#### Aim of the task
Restate the listing below word for word. No picture belongs in the result.

#### Data below

----------------

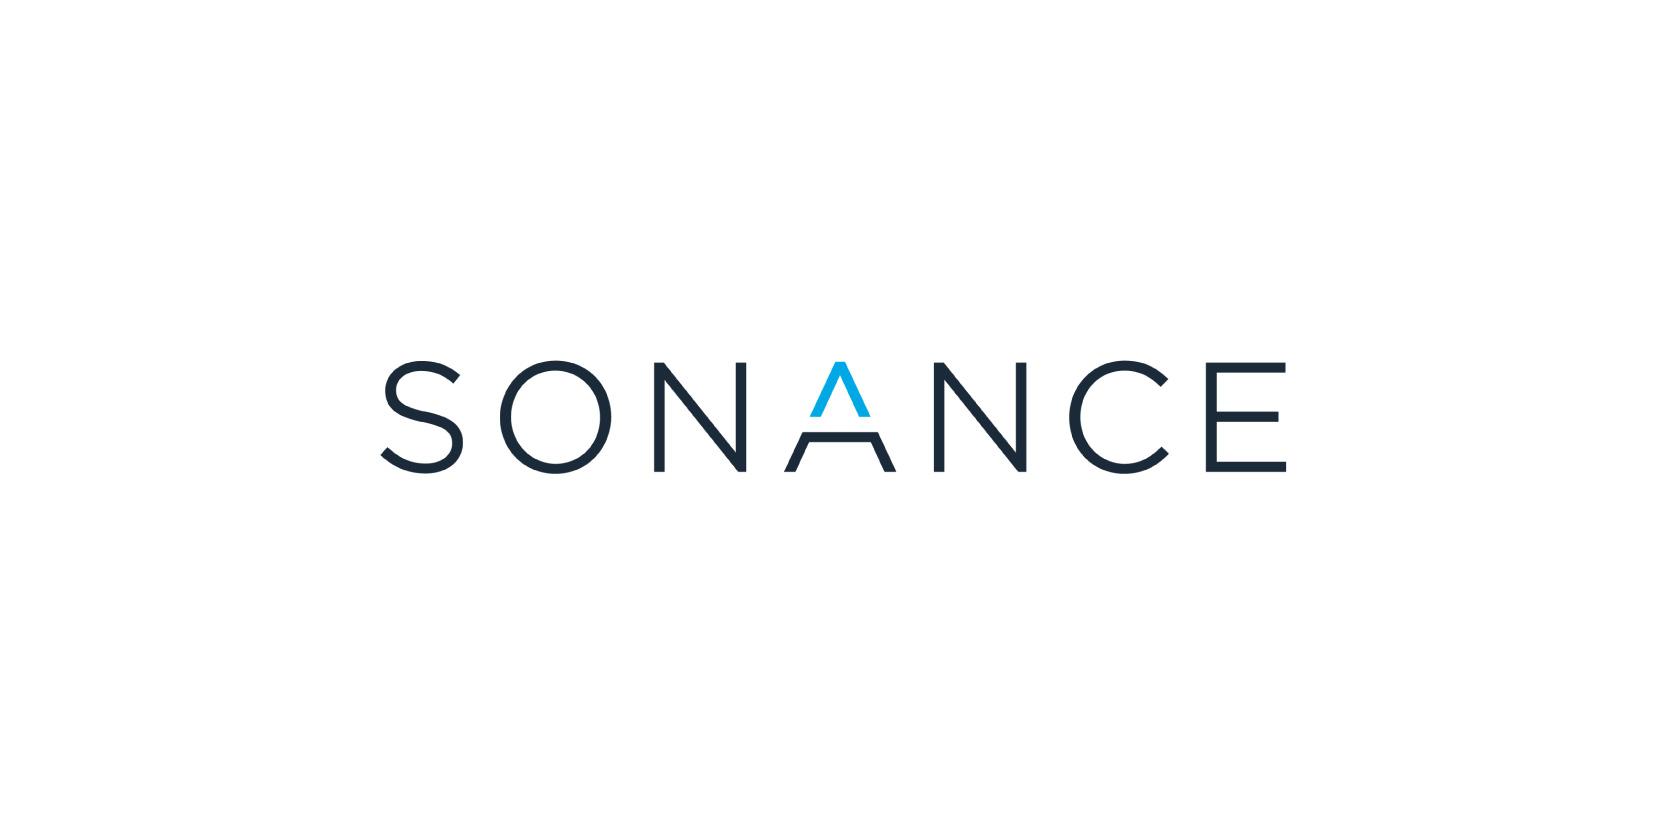 Sonance company logo
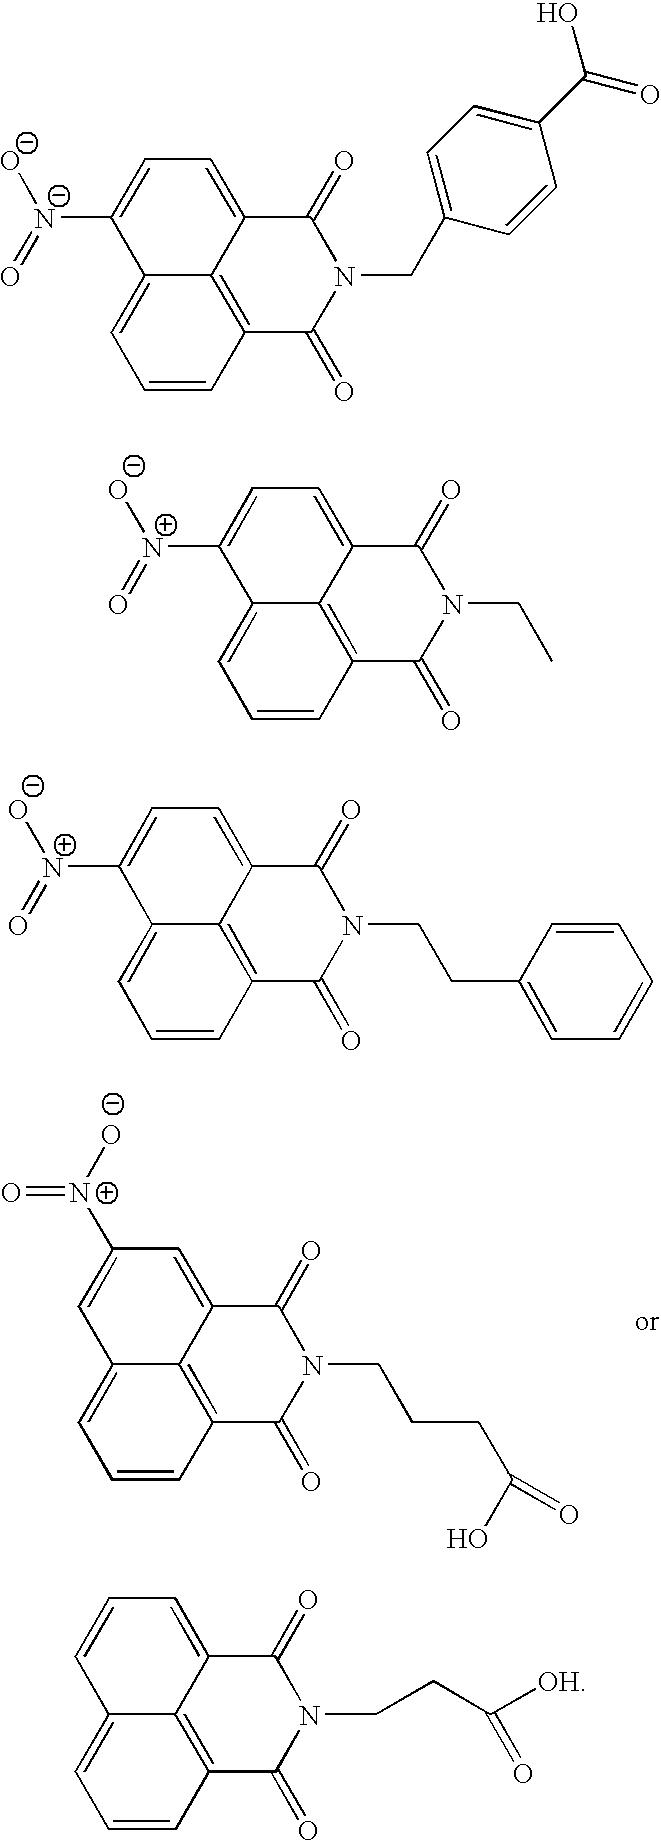 Figure US08119656-20120221-C00039
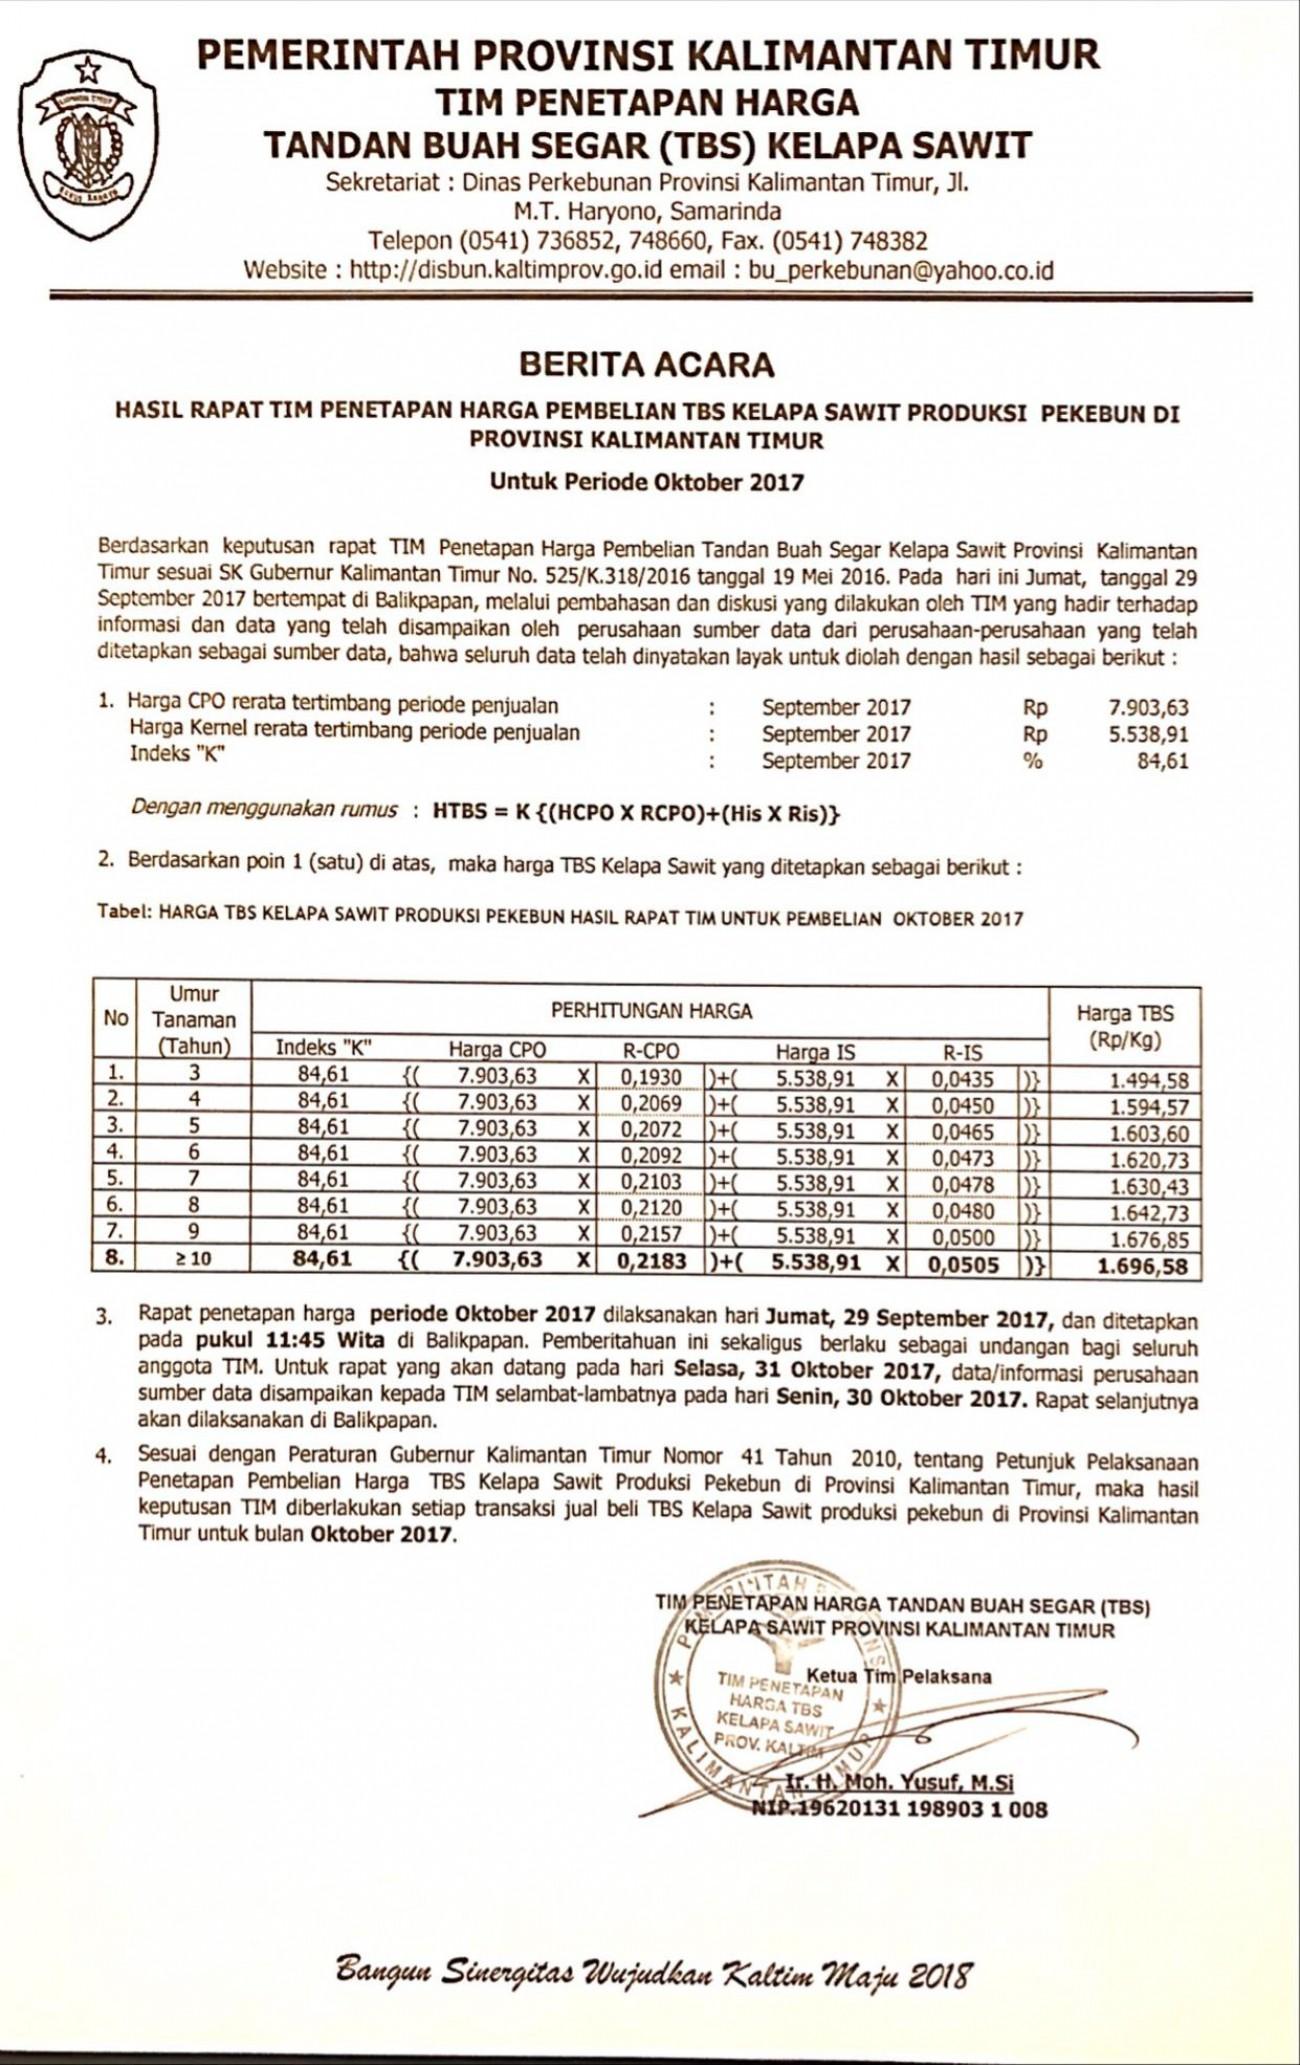 Informasi Harga TBS Kelapa Sawit Bulan Oktober 2017

----------------

#### Task output
 Sonance company logo
 Figure US08119656-20120221-C00039
 Informasi Harga TBS Kelapa Sawit Bulan Oktober 2017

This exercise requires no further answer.